Re: [Xen-devel] libxl: cannot start guest

On Tue, 2012-05-22 at 13:35 +0100, Christoph Egger wrote:
> On 05/21/12 17:57, Ian Campbell wrote:
> >> libxl: debug: libxl_device.c:183:libxl__device_disk_set_backend: Disk
> >> vdev=hda spec.backend=unknown
> >> libxl: debug: libxl_device.c:219:libxl__device_disk_set_backend: Disk
> >> vdev=hda, using backend phy
> >> xc: detail: elf_parse_binary: phdr: paddr=0x100000 memsz=0x9bd04
> >> xc: detail: elf_parse_binary: memory: 0x100000 -> 0x19bd04
> >>   Loader:        0000000000100000->000000000019bd04
> >>   TOTAL:         0000000000000000->00000000ff800000
> >>   ENTRY ADDRESS: 0000000000100000
> >>   4KB PAGES: 0x0000000000000200
> >>   2MB PAGES: 0x00000000000003fb
> >>   1GB PAGES: 0x0000000000000002
> >> xc: detail: elf_load_binary: phdr 0 at 0x0x7f7ff7f42000 -> 0x0x7f7ff7fd4b74
> >> libxl: error: libxl.c:3213:libxl_sched_credit_domain_set: Cpu weight out
> >> of range, valid values are within range from 1 to 65535
> >> libxl: error: libxl_dom.c:74:libxl__sched_set_params:
> >> libxl_sched_credit_domain_set failed -6
> >> libxl: debug: libxl_device.c:183:libxl__device_disk_set_backend: Disk
> >> vdev=hda spec.backend=phy
> >> libxl: error: libxl_xshelp.c:102:libxl__xs_get_dompath: failed to get
> >> dompath for 7: Bad file descriptor
> > 
> > This is back to the original issue, I think the last couple of mails
> > have been something of a tangent since you weren't getting as far as
> > this failure.
> > 
> > I'm not really sure what to suggest here -- something is either closing
> > the fd or scribbling over the memory which contains it.
> > 
> > I suppose you could sprinkle calls to libxl__xs_get_dompath() around
> > between libxl__sched_set_params and libxl__device_disk_set_backend and
> > see where it starts failing -- that's going to be pretty tedious though.
> It starts failing in libxl__build_post() right after
> xs_introduce_domain().

What method did you use to determine that?
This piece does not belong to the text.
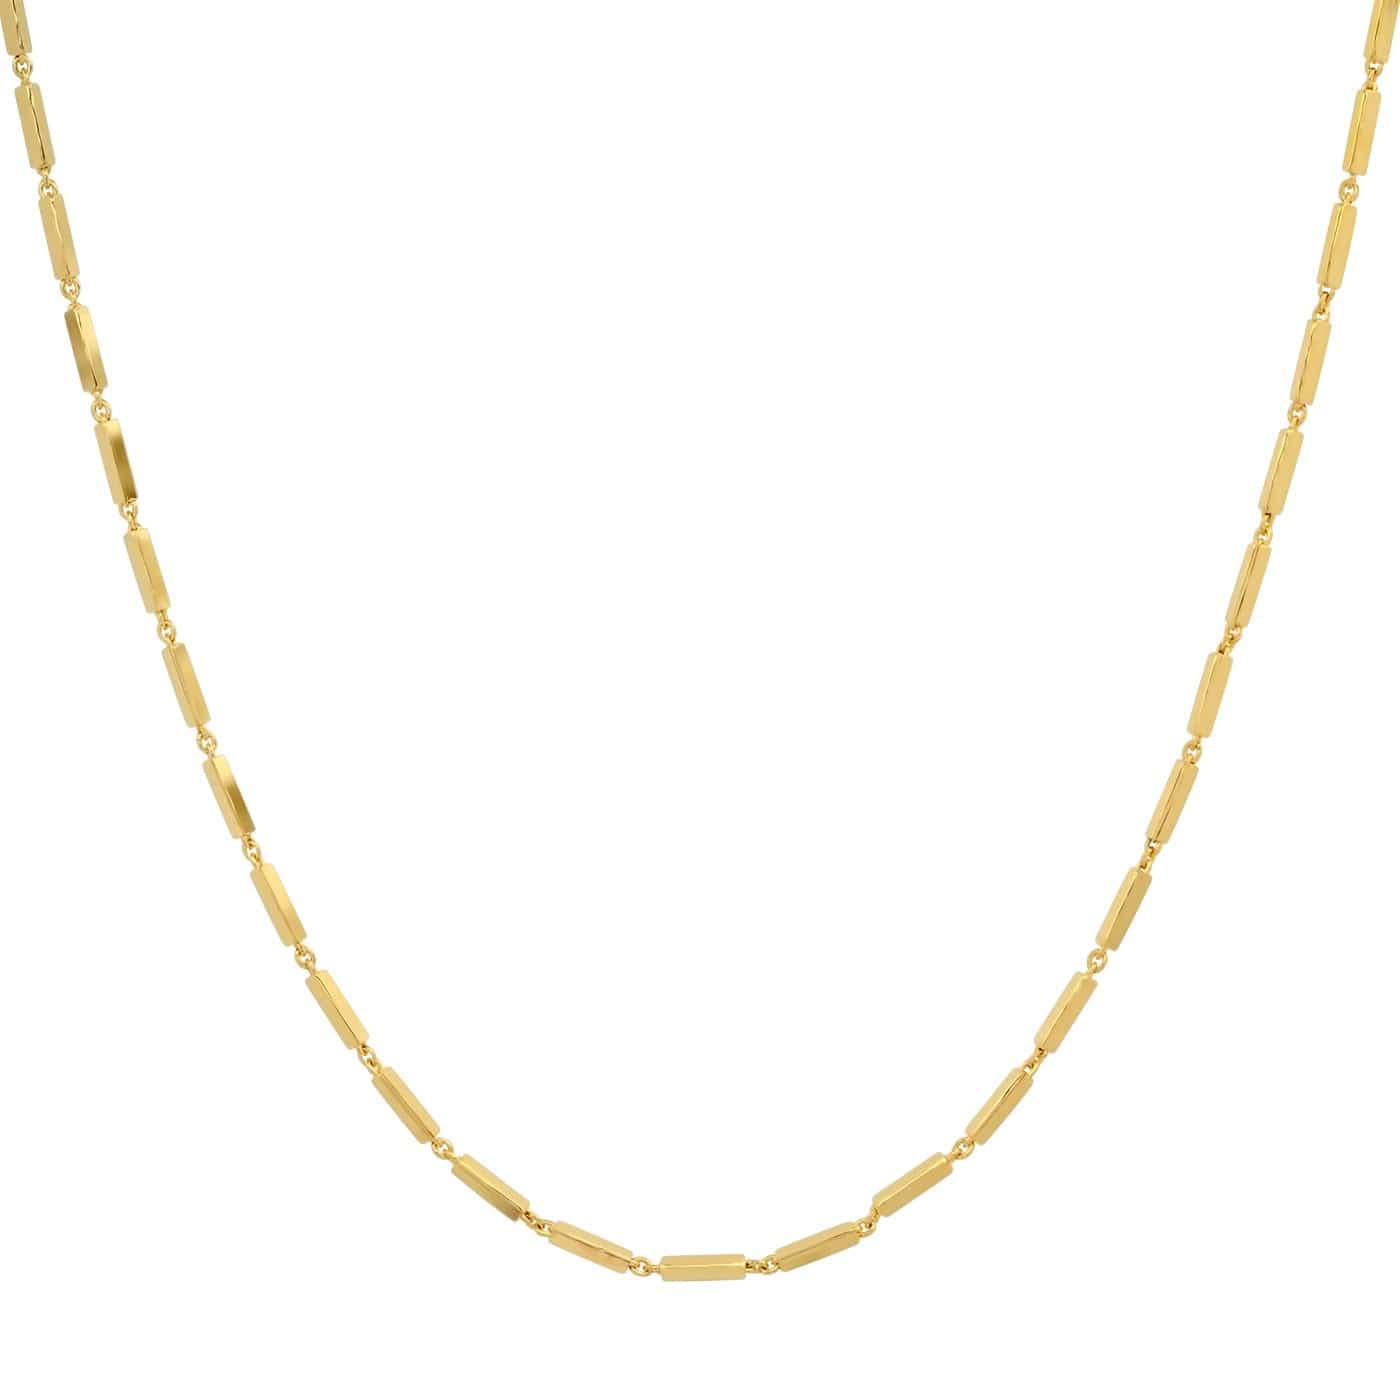 TAI JEWELRY Necklace Gold Vermeil Bar Chain

So at the xs_transaction_end right before that ctx->xsh is valid, but
right after...
        xs_introduce_domain(ctx->xsh, domid, state->store_mfn, 
...it is invalid? i.e. before the free(vmpath) it is already corrupt? 
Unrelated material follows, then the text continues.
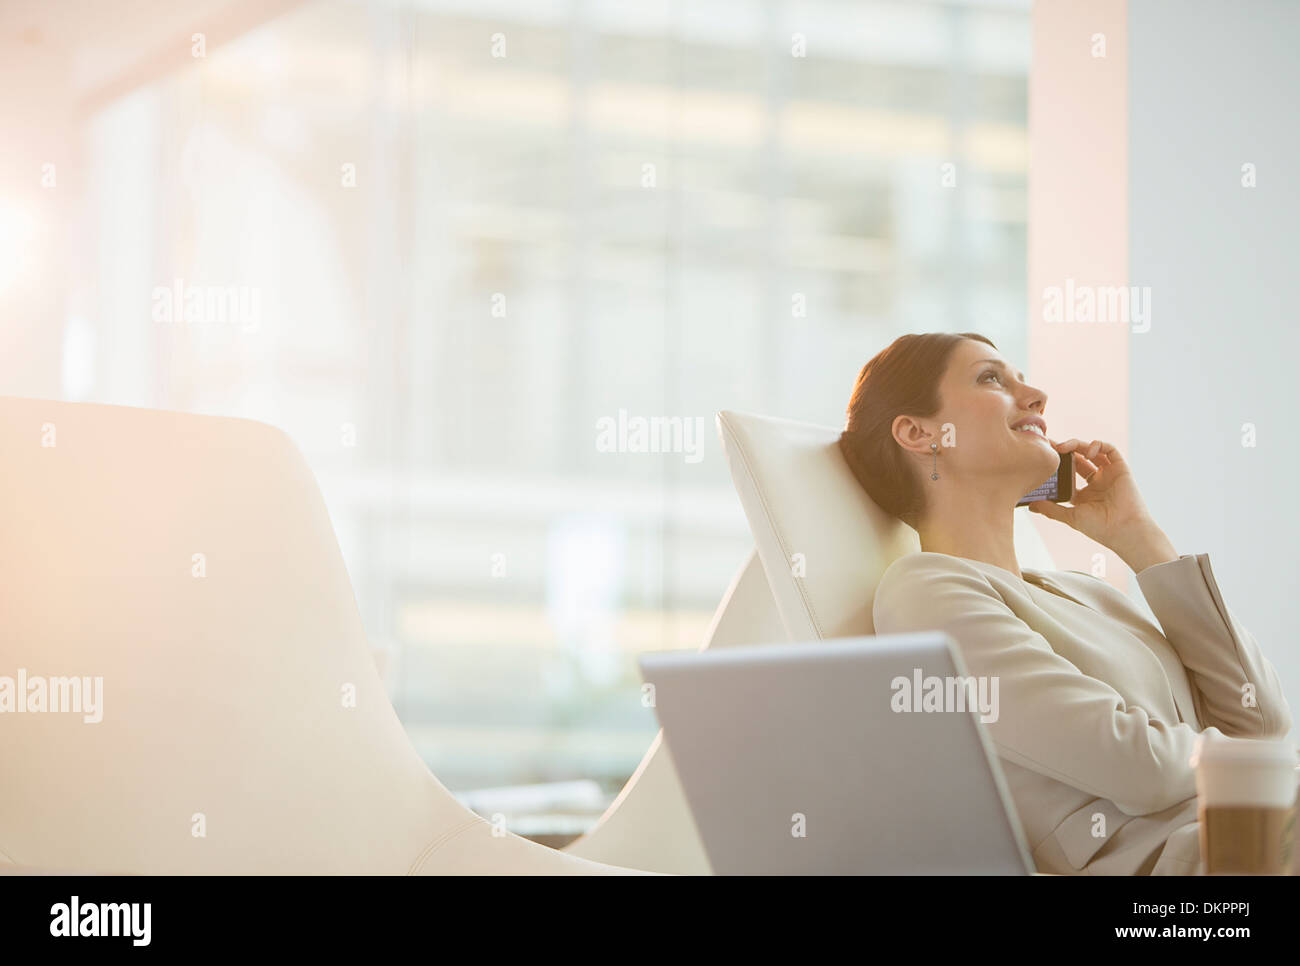 Businesswoman talking on cell phone in office Banque D'Images

(Aside: why isn't vmpath in the gc, instead of done manually,

Does the xs_introduce_domain itself succeed? Or do you mean that the
next use of xsh after this fails (where is that, somewhere back up the
callchain? store_libxl_entry perhaps?)

xs_introduce_domain doesn't seem to do much which is untoward with the

The only thing which springs to mind is that it may generate an
@IntroduceDomain watch event. However xl is single threaded so we won't
process that event until we unwind to whichever point we do an event
loop iteration, in which case the corruption would have to happen later
than right after xs_introduce_domain().

Did you manage to determine if "Bad file descriptor" was due to it being
closed vs. the value being corrupted?